For all 12 quick couplers around the field, we eliminated the valve box that they were originally installed into and buried them directly into the turf, with the cap of the coupler at the surface. This creates a much smaller area to avoid with the aerifier. Additionally, we have found that the couplers remain much more stable in the ground, and are significantly less likely to snap when a crew member becomes overzealous and yanks a bit too hard on a hose.
There were plenty more considerations for our renovation than could be outlined here, as well as enough renovation wish-list items to fill another article, but the key takeaway from our project is to do your research, and document the costs and benefits of every aspect for presentation to your organization.
In our situation, I had enough experience and confidence to push forward with my own design. I researched every single aspect of our field from the subgrade to the surface and noted any discrepancies on the as-built drawings. I spent two years reaching out to colleagues around the world, at all levels, in all sports, as well as to trusted vendor representatives. I asked the same questions over and over again, to well over 100 individuals, to make sure I understood every possible option that existed, as well as the costs and benefits of each. Using that information, combined with the understanding of the very specific issues at our facility, I pushed forward and designed our new field.

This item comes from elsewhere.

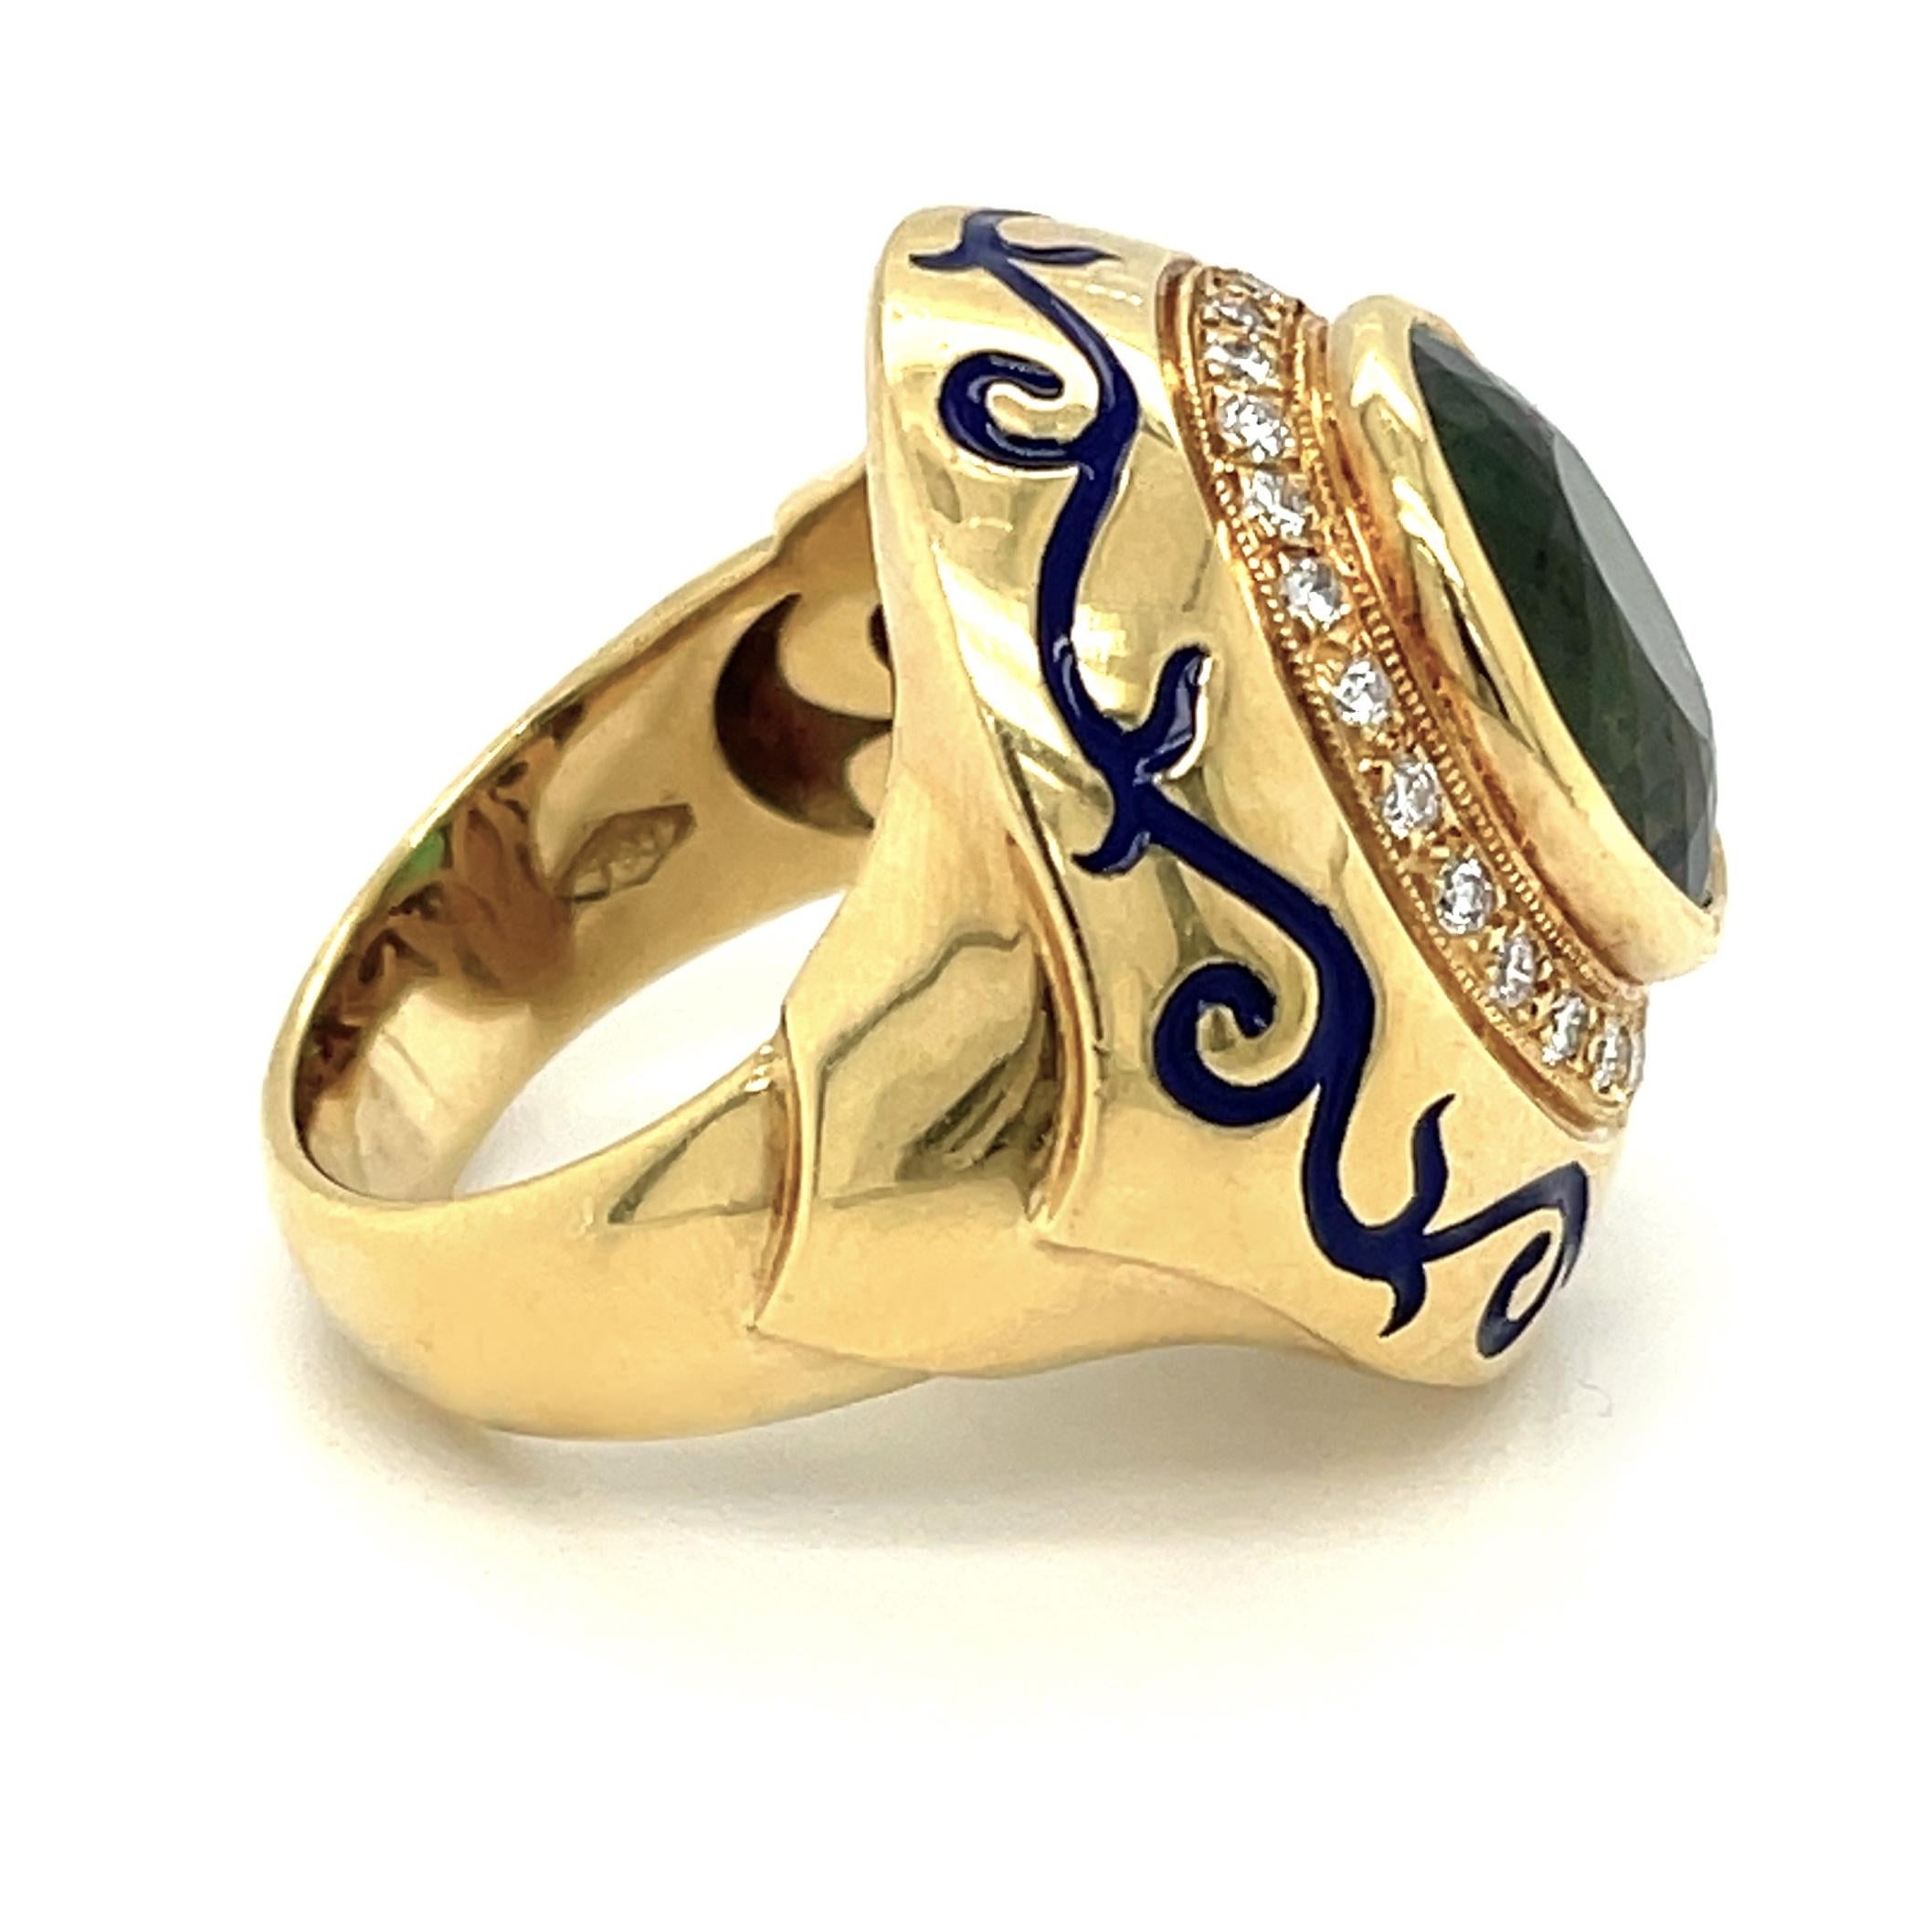 Dieser beeindruckende Ring zeigt einen spektakulären 7,88 Karat großen, facettierten grünen Turmalin mit herrlicher Farbe und Brillanz! Der zentrale Edelstein ist ein wunderschönes hellgrünes Oval mit bläulich-grünen und gelblich-grünen Reflexen,

Remember, outside of a consultant, nobody is going to fight for you and specific parts of the project once budget cuts and cost overruns come into play. It is incredibly important to stay involved the entire way through and to make sure that the renovation actually improves your facility and your maintenance approach.
Wes Ganobcik is head groundskeeper at Huntington Park, home of the Columbus Clippers professional baseball team, Triple-A affiliate of the Cleveland Indians.